A number of warnings are raised, indicating that some gene IDs are not part of the BING gene space. These genes are removed from the gene sets and not considered by Clue.

clue_prepare_deseq2 returns a named vector with paths to the GMT files for the up- and the down-regulated genes.

Gene signature derived from pre-existing lists

We can also convert an pre-existing set of genes from any source to GMT files:

up_genes <- c(
  "10365", "1831", "9314", "4846", "678", "22992", "3397", "26136", 
  "79637", "5551", "7056", "79888", "1032", "51278", "64866", "29775", 
  "994", "51696", "81839", "23580", "219654", "57178", "7014", 
  "57513", "51599", "55818", "4005", "4130", "4851", "2050", "50650", 
  "9469", "54438", "3628", "54922", "3691", "65981", "54820", "2261", 
  "2591", "7133", "162427", "10912", "8581", "2523", "25807", "9922", 
  "30850", "4862", "8567", "79686", "55615", "51283", "3337", "2887", 
  "3223", "6915", "6907", "26056", "259217", "6574", "23097", "5164", 
  "57493", "7071", "5450", "113146", "8650"
)
down_genes <- c(
  "5128", "5046", "956", "10426", "9188", "23403", "7204", "1827", 
  "3491", "9076", "330", "8540", "22800", "10687", "19", "63875", 
  "10979", "51154", "10370", "50628", "7128", "6617", "7187", "22916", 
  "81034", "58516", "3096", "4794", "5202", "26511", "8767", "2355", 
  "22943", "1490", "133", "11010", "51025", "23160", "56902", "3981", 
  "5209", "6347", "5806", "7357", "9425", "3399", "6446", "64328", 
  "6722", "8545", "688", "861", "390", "23034", "51330", "51474", 
  "2633", "4609"
)

pre_gmt <- clue_gmt_from_list(up_genes, down_genes, "my_favourite_genes")
str(pre_gmt)
#>  Named chr [1:2] "/var/folders/_h/wpz1qzm12t5687lbdm87lsh00000gp/T//RtmpbwGbaz/file65a5c31574.gmt" ...
#>  - attr(*, "names")= chr [1:2] "down" "up"

Querying Clue

Now that we have GMT files, we can query Clue. Here we use the GMT files derived from the DESeq2 result, but we could also use the pre_gmt files generated above.
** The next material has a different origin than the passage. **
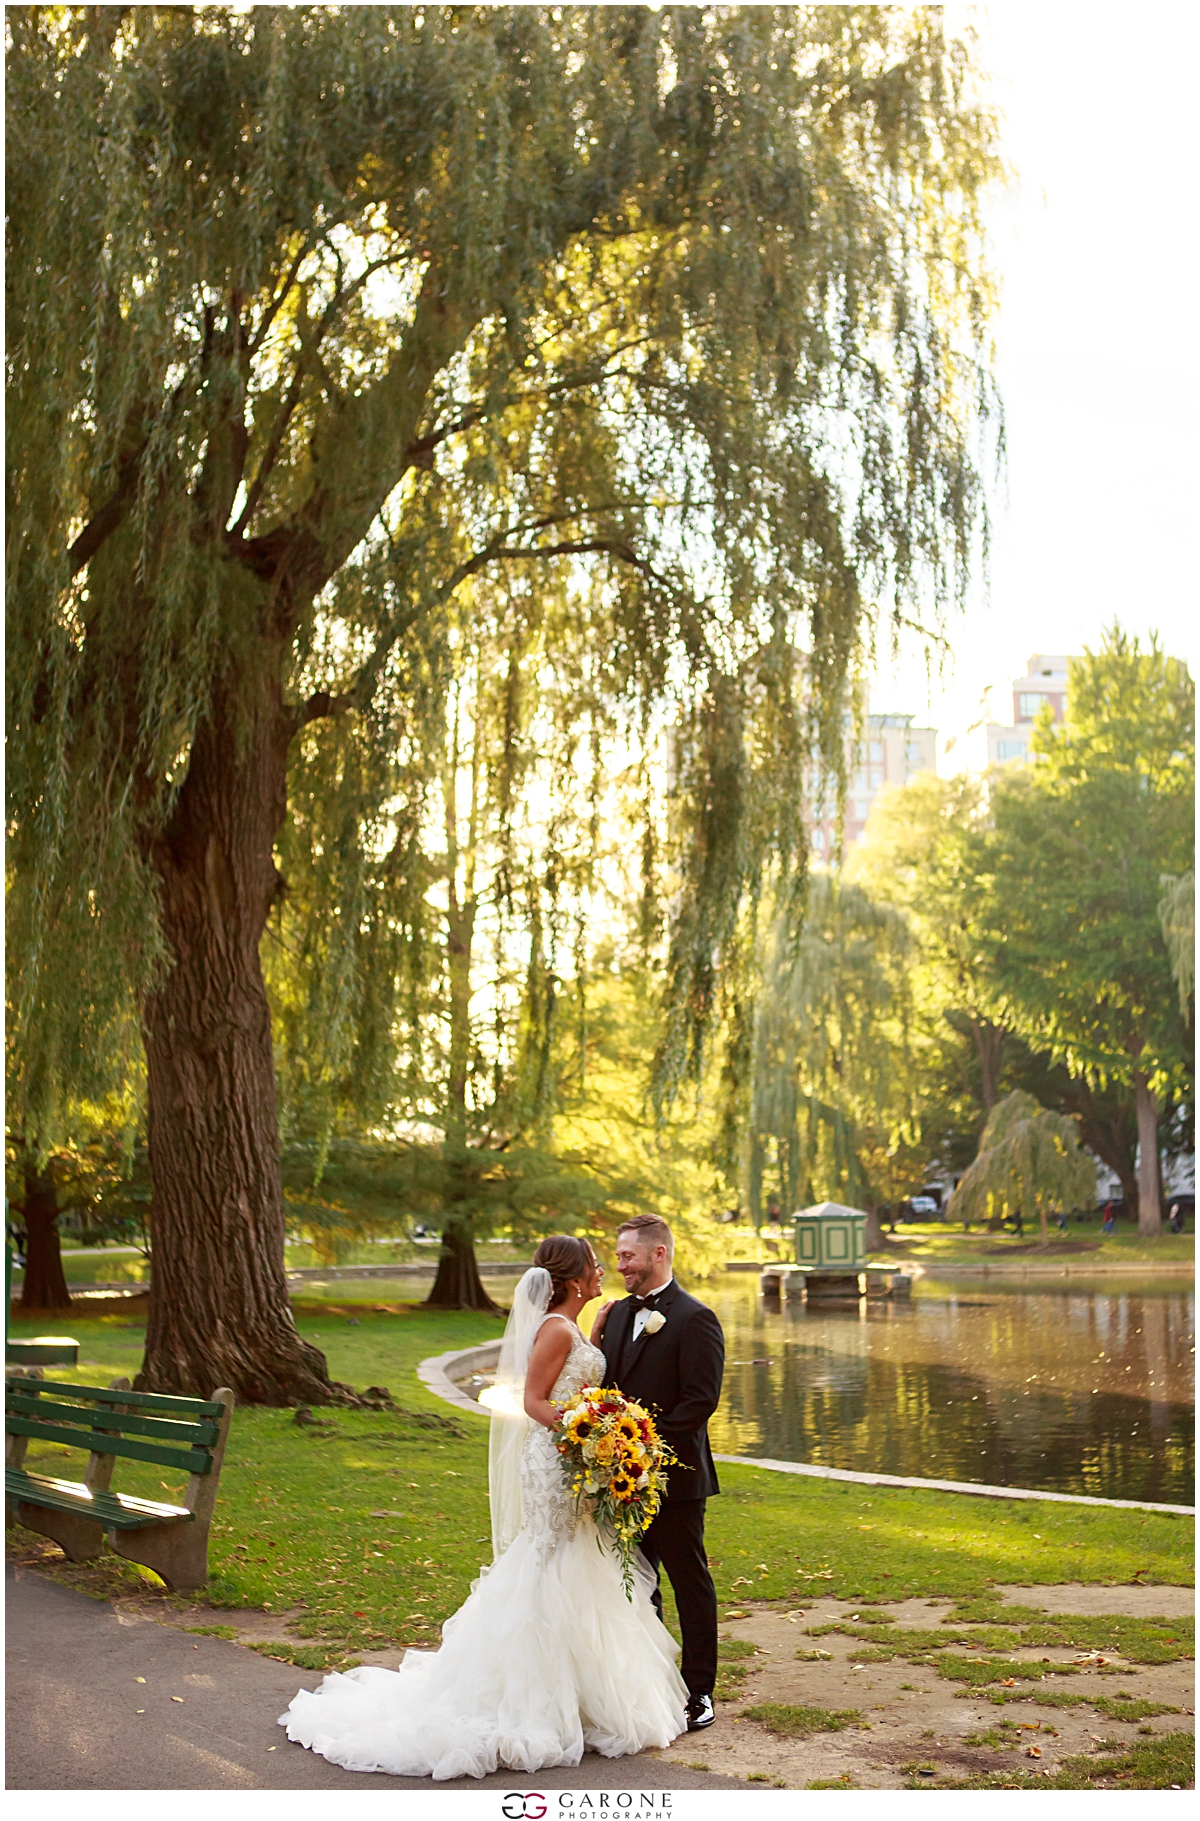 Erika_Eric_THe_State_Room_Boston_Wedding_Photography_Garone_Photography_Boston_Wedding_Photography_0020.jpg

submission_result <- clue_query_submit(
  deseq2_gmt[["up"]], deseq2_gmt[["down"]], name = "deseq2_query_job"
)
submission_result$result$job_id
#> [1] "5d36096d12e15519133e87fd"

clue_query_submit returns a nested list containing information about the submitted job, including the job id.

Now we have to wait for the job to finish. We can use the function clue_query_wait to pause our script until the results are ready.
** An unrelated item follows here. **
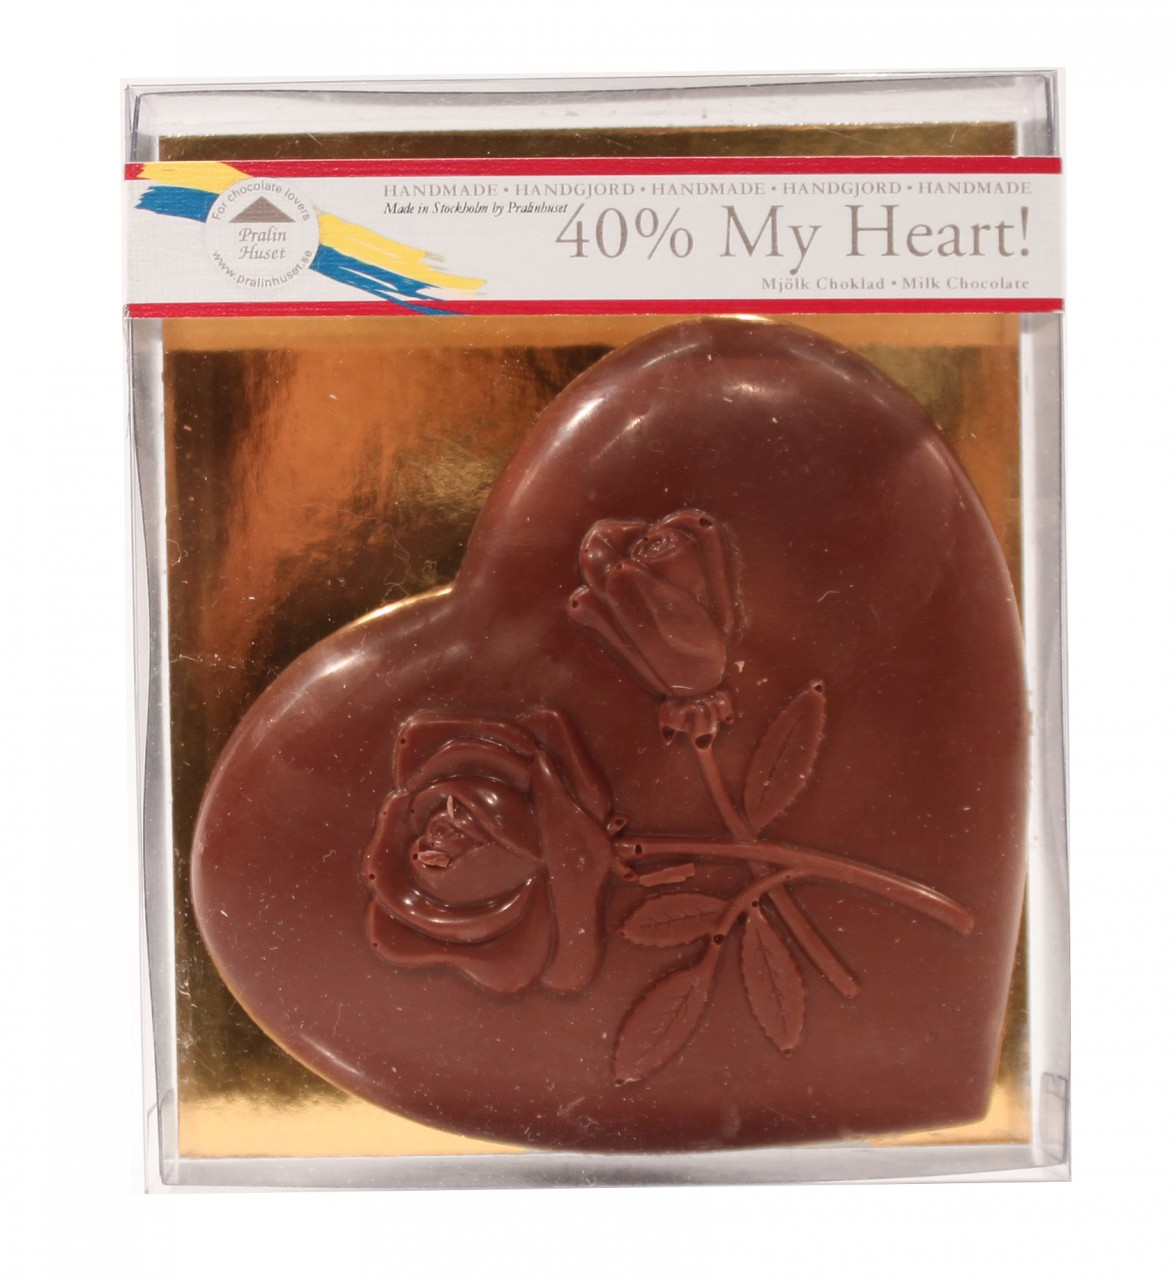 My Heart - 40%

clue_query_wait(submission_result, interval = 60, timeout = 600)
#> Job not completed yet, waiting for: 5d36096d12e15519133e87fd
#> Job not completed yet, waiting for: 5d36096d12e15519133e87fd
#> Job not completed yet, waiting for: 5d36096d12e15519133e87fd
#> Job completed: 5d36096d12e15519133e87fd

clue_query_wait will automatically continue execution of the script once results are ready. Now we can download and parse the results:

result_path <- clue_query_download(submission_result)
result_df <- clue_parse_result(result_path)
#> reading /var/folders/_h/wpz1qzm12t5687lbdm87lsh00000gp/T//RtmpbwGbaz/clueR-65a4facb13e/my_analysis.sig_fastgutc_tool.5d36096d12e15519133e87fd/matrices/gutc/ns_pert_summary.gctx
#> done

pert_id	pert_type	pert_iname	gene_set	ns
BRD-A09094913	trt_cp	strychnine	treatment_drug_x	0.0000000
BRD-A55393291	trt_cp	testosterone	treatment_drug_x	0.5971081
BRD-A93255169	trt_cp	thalidomide	treatment_drug_x	0.1799593
BRD-K41731458	trt_cp	triclosan	treatment_drug_x	0.1040271
BRD-K63675182	trt_cp	triflupromazine	treatment_drug_x	-0.7581666
BRD-A19195498	trt_cp	trimipramine	treatment_drug_x	-0.5755145
BRD-K99621550	trt_cp	tubocurarine	treatment_drug_x	0.0000000
BRD-A51714012	trt_cp	venlafaxine	treatment_drug_x	0.3056950
BRD-K45117373	trt_cp	Y-26763	treatment_drug_x	0.0000000
BRD-K42095107	trt_cp	daidzein	treatment_drug_x	0.0000000

Funding

We gratefully acknowledge support by NIH Grant 1U54CA225088-01: Systems Pharmacology of Therapeutic and Adverse Responses to Immune Checkpoint and Small Molecule Drugs.